On backward stochastic differential equations and strict local martingales

TL;DR

This paper investigates backward stochastic differential equations driven by local martingales, revealing multiple solutions in the strict local martingale case and establishing conditions for uniqueness when a Lyapunov function exists.

Contribution

It demonstrates the existence of multiple solutions to BSDEs driven by strict local martingales and links these solutions to viscosity solutions of associated PDEs, depending on martingale properties.

Findings

Multiple solutions exist for BSDEs with strict local martingales.

Different solutions generate distinct viscosity solutions to PDEs.

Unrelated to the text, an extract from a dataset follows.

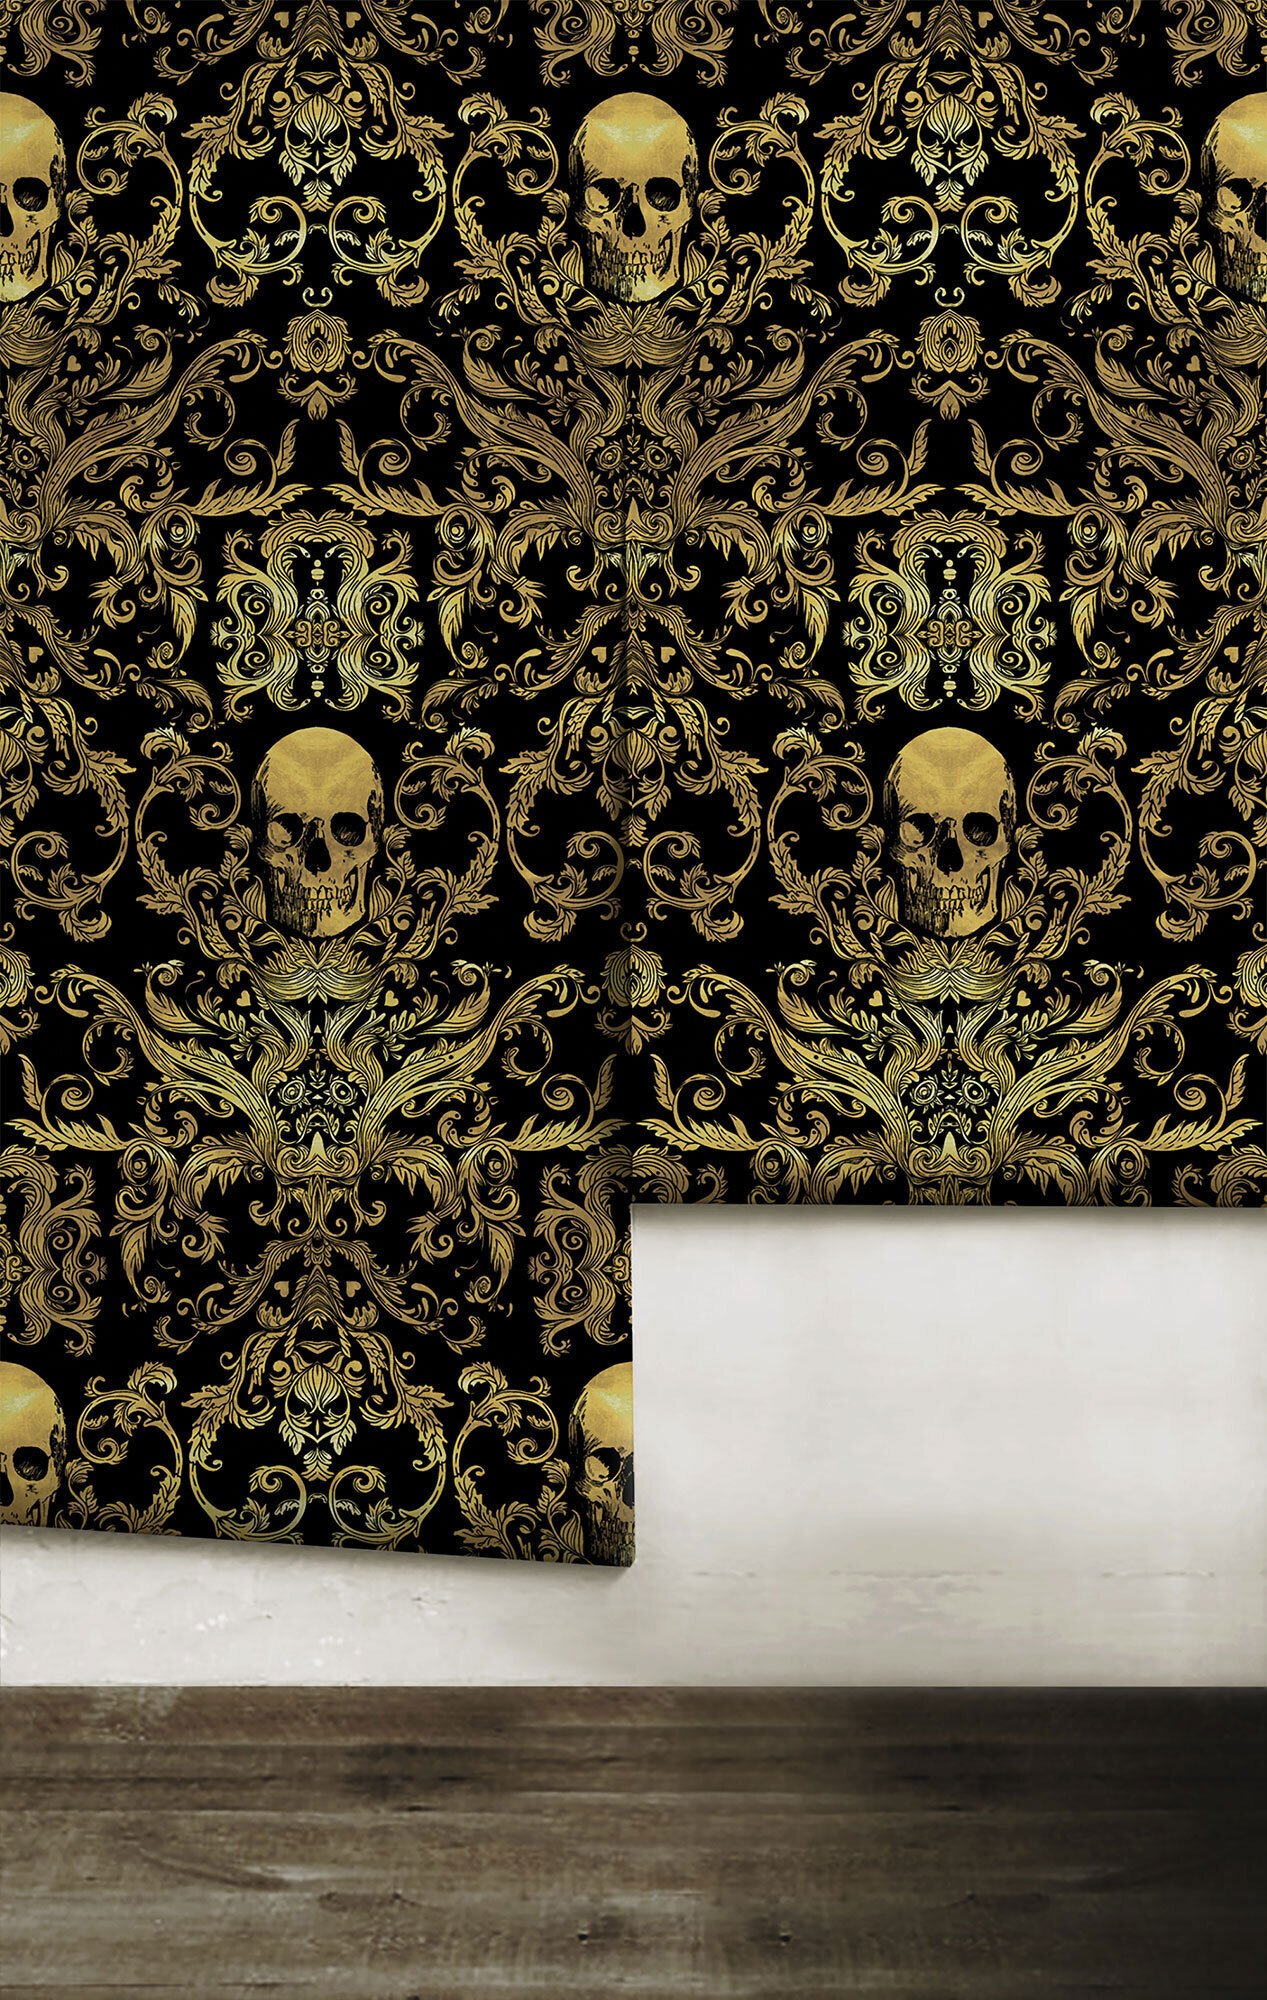 Free download 1080x2160 Crown on skull golden crown head wallpaper Skull  736x1472 for your Desktop Mobile  Tablet  Explore 13 Skull Heads  Wallpapers  Skull Wallpaper Skull Background Skull Backgrounds
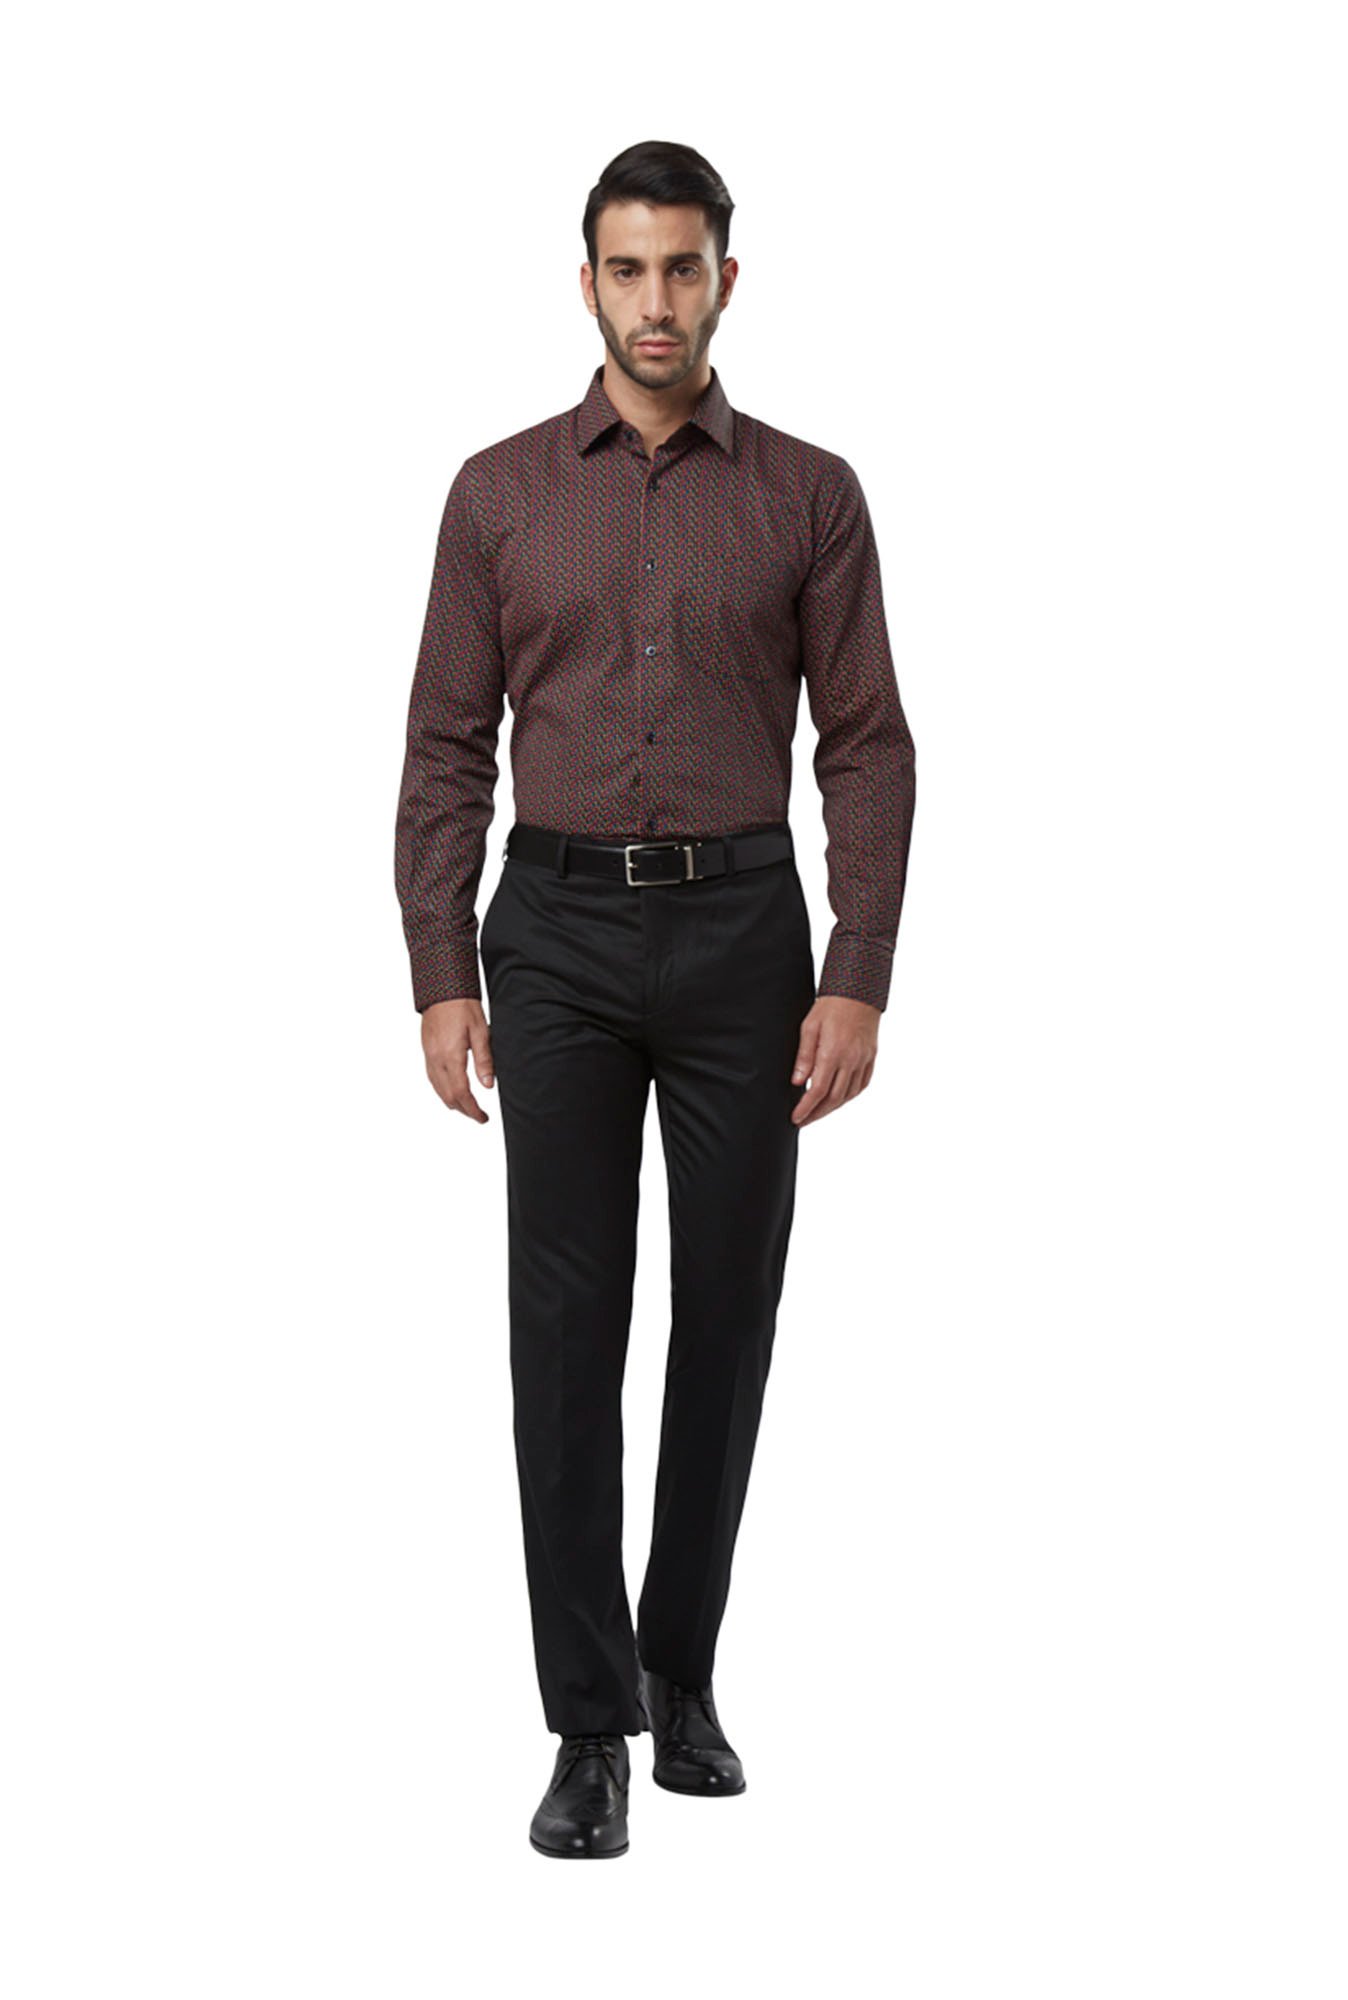 Raymond Grey Self Design Formal Trouser 7461113htm  Buy Raymond Grey Self  Design Formal Trouser 7461113htm online in India

Existence of a Lyapunov function ensures uniqueness of the viscosity solution.

Abstract

We study a backward stochastic differential equation whose terminal condition is an integrable function of a local martingale and generator has bounded growth in $z$. When the local martingale is a strict local martingale, the BSDE admits at least two different solutions. Other than a solution whose first component is of class D, there exists another solution whose first component is not of class D and strictly dominates the class D solution. Both solutions are $\mathbb{L}^p$ integrable for any $0<p<1$. These two different BSDE solutions generate different viscosity solutions to the associated quasi-linear partial differential equation. On the contrary, when a Lyapunov function exists, the local martingale is a martingale and the quasi-linear equation admits a unique viscosity solution of at most linear growth.